- Born: 9 August 1861 Wimbledon, England, United Kingdom of Great Britain and Ireland
- Died: 13 December 1922 (aged 61) Fulham, London, United Kingdom
- Resting place: Brompton Cemetery, West London
- Known for: Painting, drawing
- Movement: Neo-Classicism, Academism
- Patrons: Lawrence Alma-Tadema

= John William Godward =

English painter (1861–1922)

John William Godward (9 August 1861 - 13 December 1922) was an English painter from the end of the Neo-Classicist era. He was a protégé of Sir Lawrence Alma-Tadema, but his style of painting fell out of favour with the rise of modern art.

==Early life==
Godward was born in 1861 and lived in Wilton Grove, Wimbledon. He was born to Sarah Eboral and John Godward (an investment clerk at the Law Life Assurance Society, London). The eldest of five children, he was named after his father John and grandfather William, and was christened at St Mary's Church, Battersea on 17 October 1861. The overbearing behaviour of his parents made him reclusive and shy later in adulthood.

==Career==

He exhibited at the Royal Academy from 1887. His growing popularity allowed him to move out of his parents' home to a studio in Chelsea, which he outfitted with antiques and marble statues to inform his painting. In 1912, Godward moved to Italy with one of his models, ultimately settling in Rome, near the Villa Borghese. Disliking his move to Italy, his family broke off all contact with him and even cut his image from family pictures.

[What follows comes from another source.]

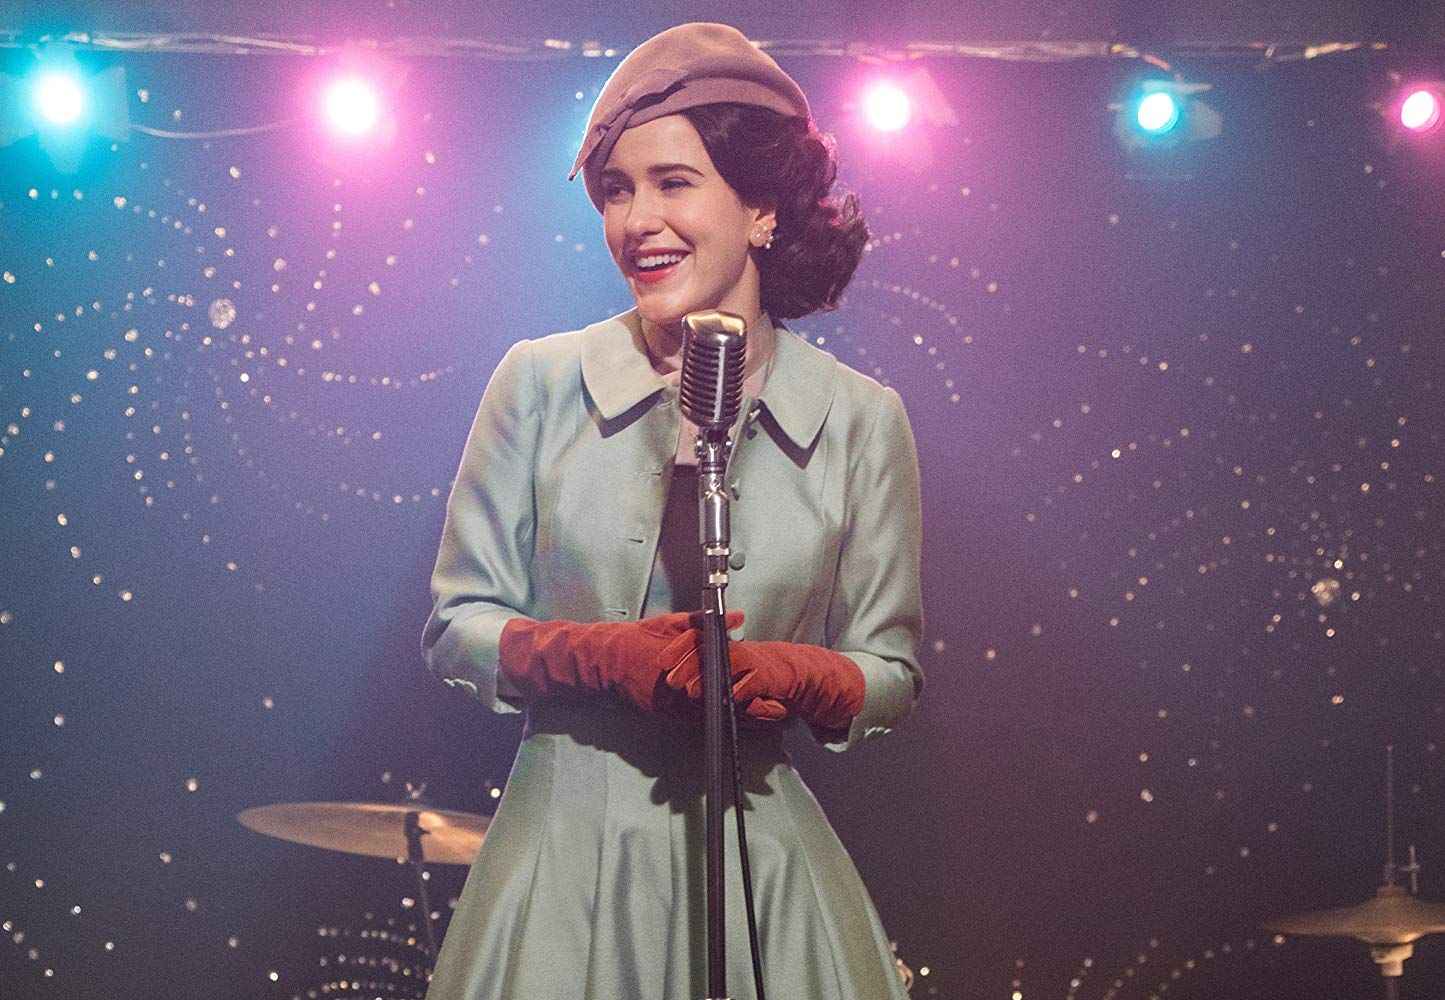 Is the marvelous mrs maisel based on a true person Which Marvelous Mrs Maisel Characters Are Based On Real People

Godward returned to England in 1921, but suffered from poor health and depression, and his output declined sharply. In 1922, less than one year after his return, Godward committed suicide at age 61. He was buried in Brompton Cemetery, West London. His estranged family, who had disapproved of his becoming an artist, were ashamed of his suicide and burned his papers. Only one photograph of Godward is known to survive.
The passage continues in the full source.